Copy out all of the data word for word. Omit every picture.
====== Data section
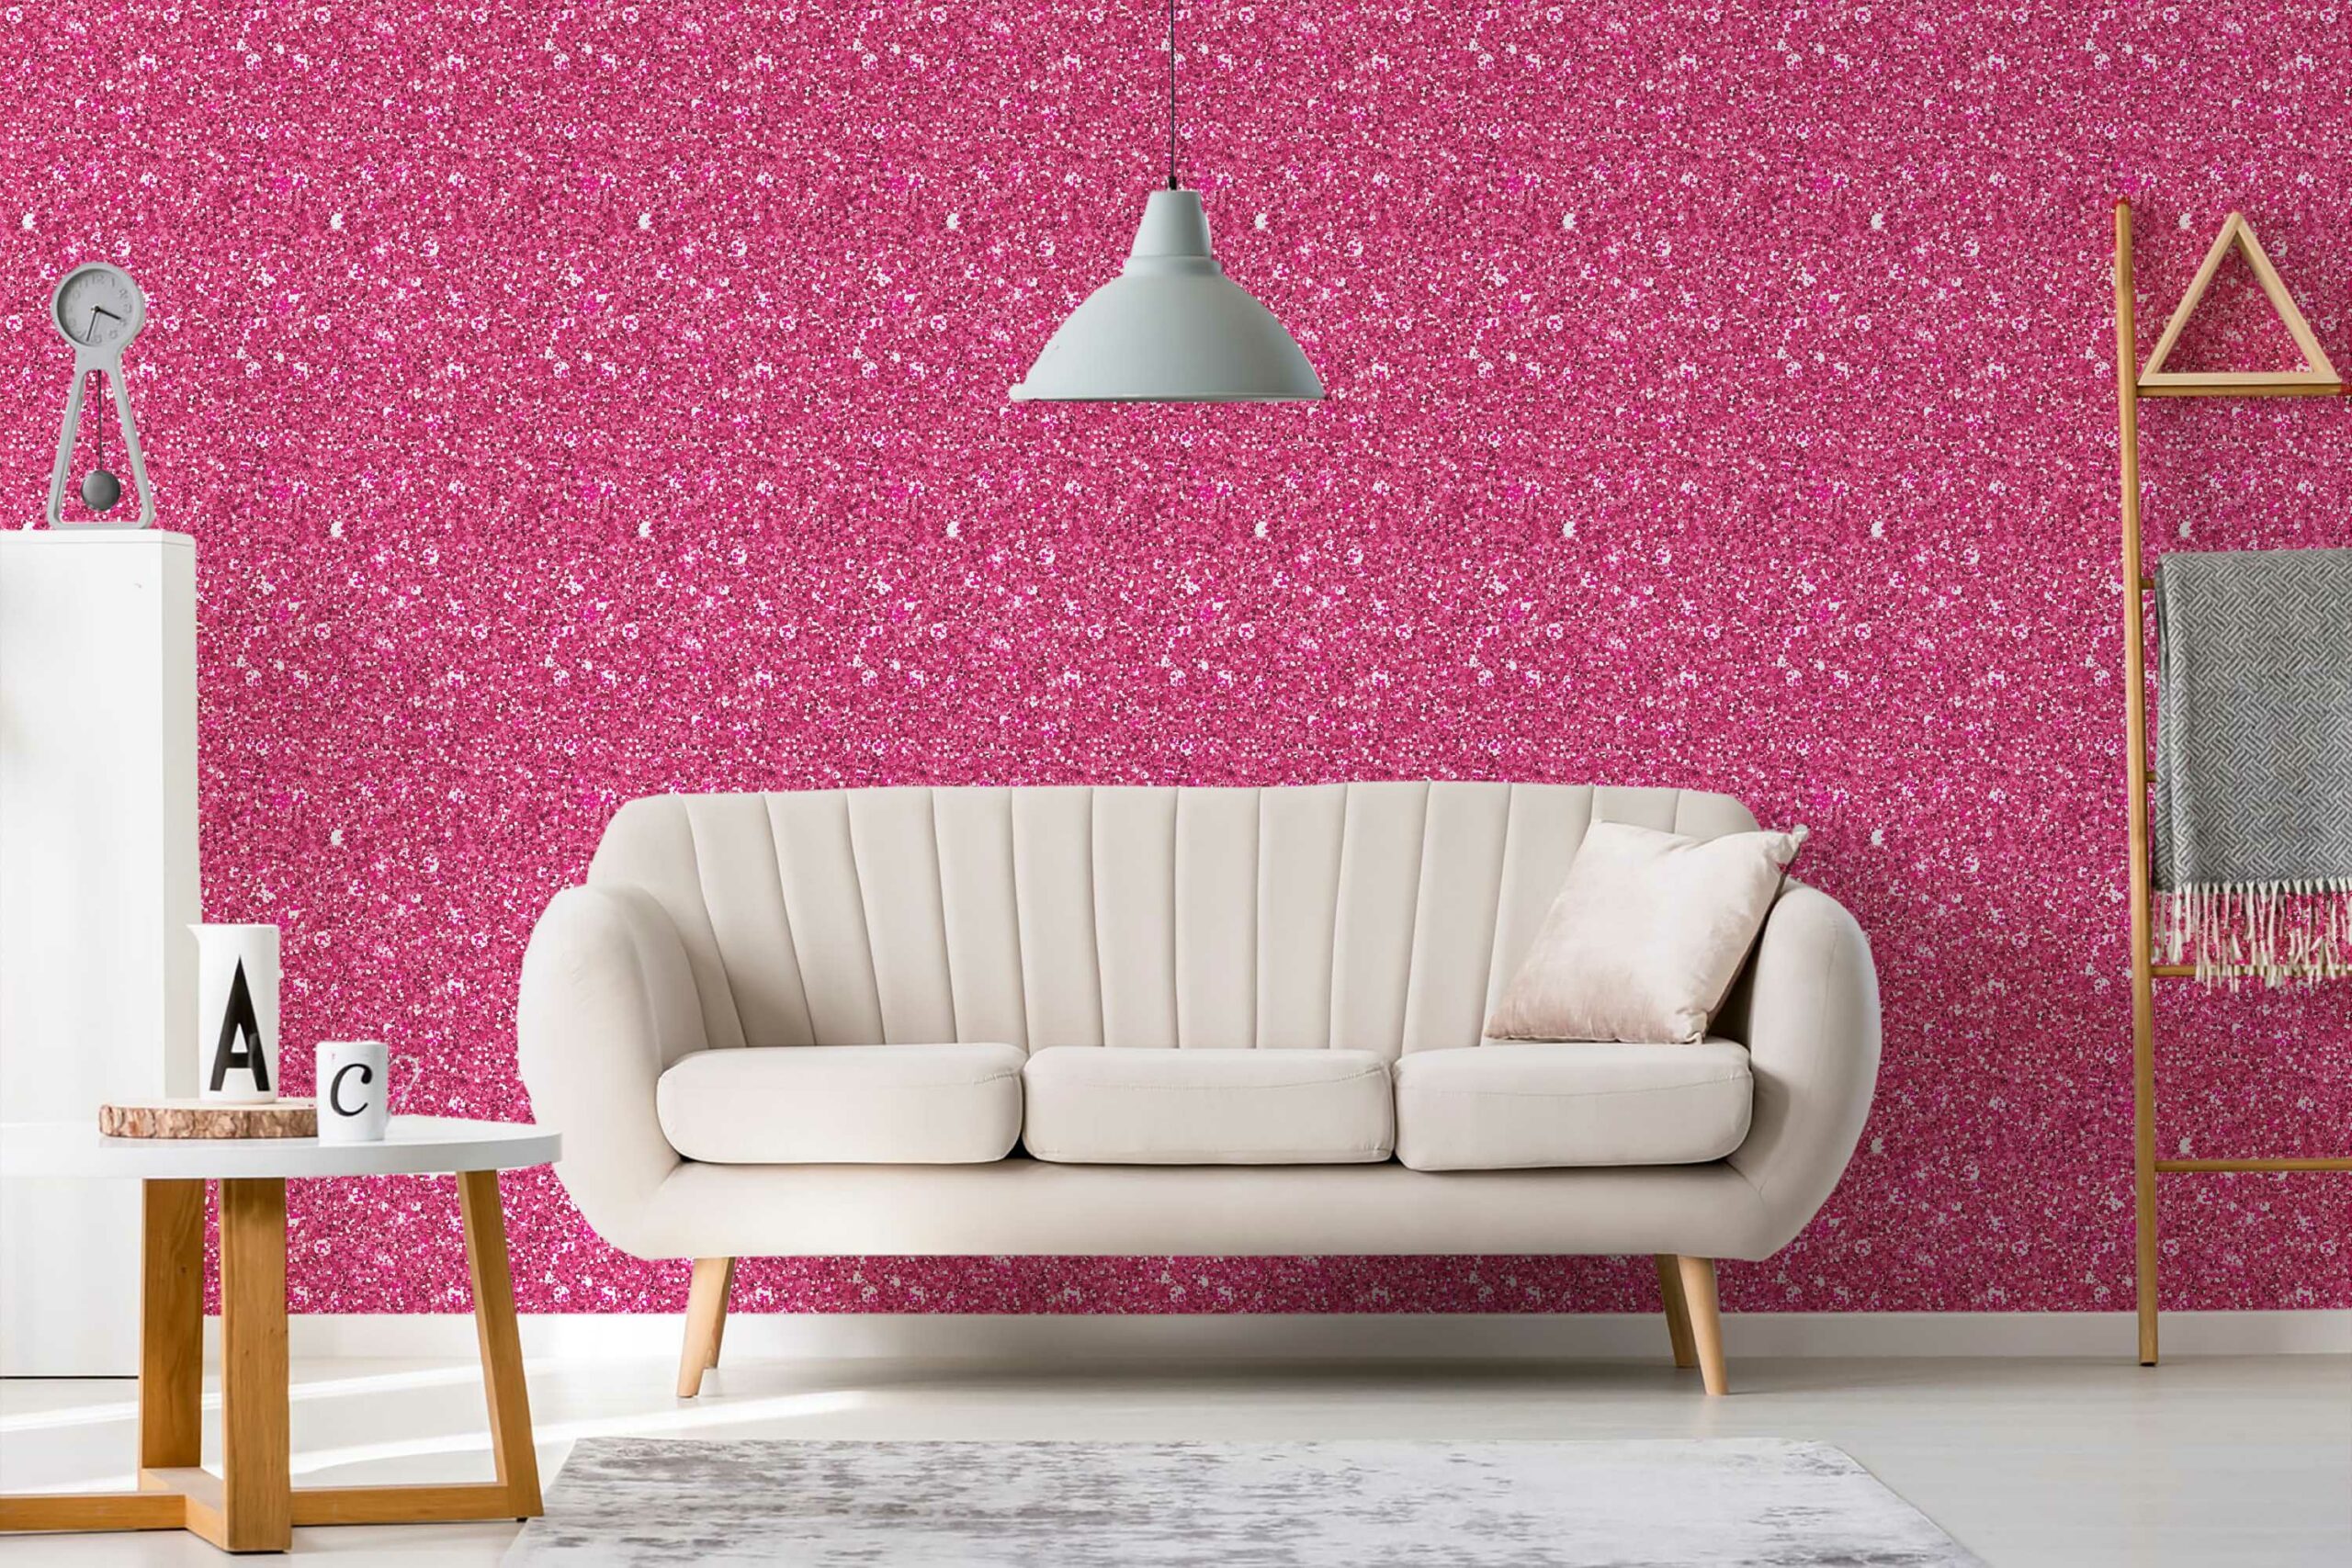 A Glitter Wall for A Kid's Room?  Glitter paint for walls, Glitter wall,  Sparkly walls
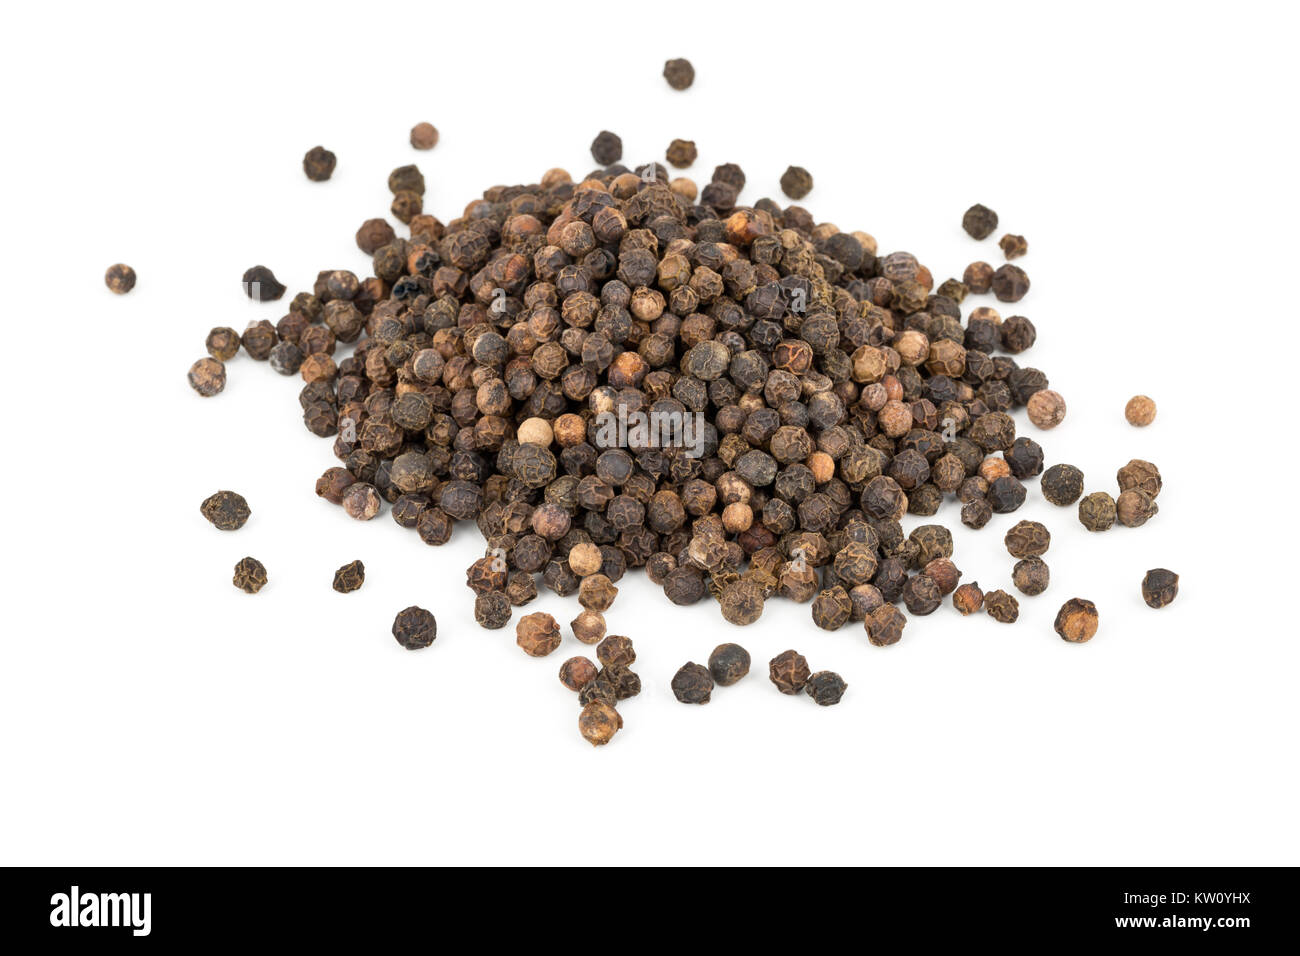 Heap of raw, natural, unprocessed black pepper peppercorns over white background Stock Photo
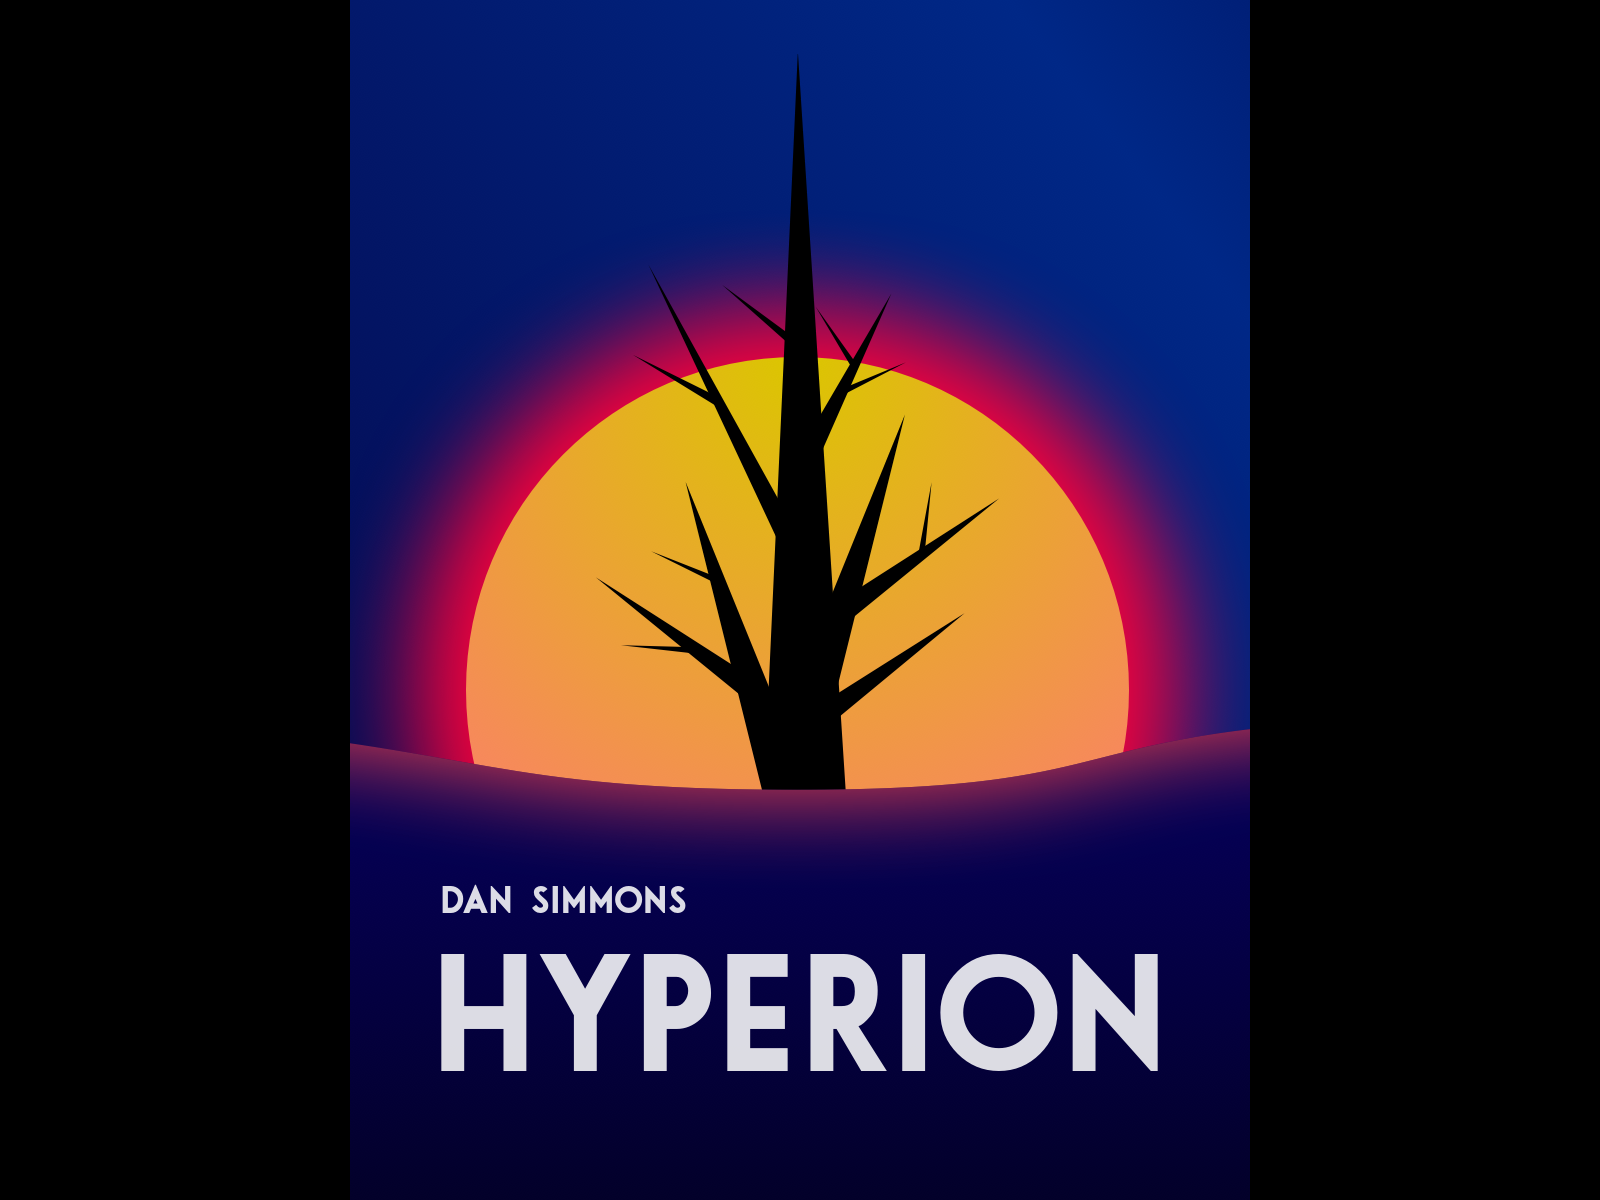 Dan Simmons - Hyperion, book cover.
============
• [Problem solution]:
 A Glitter Wall for A Kid's Room?  Glitter paint for walls, Glitter wall,  Sparkly walls
 Heap of raw, natural, unprocessed black pepper peppercorns over white background Stock Photo
 Dan Simmons - Hyperion, book cover.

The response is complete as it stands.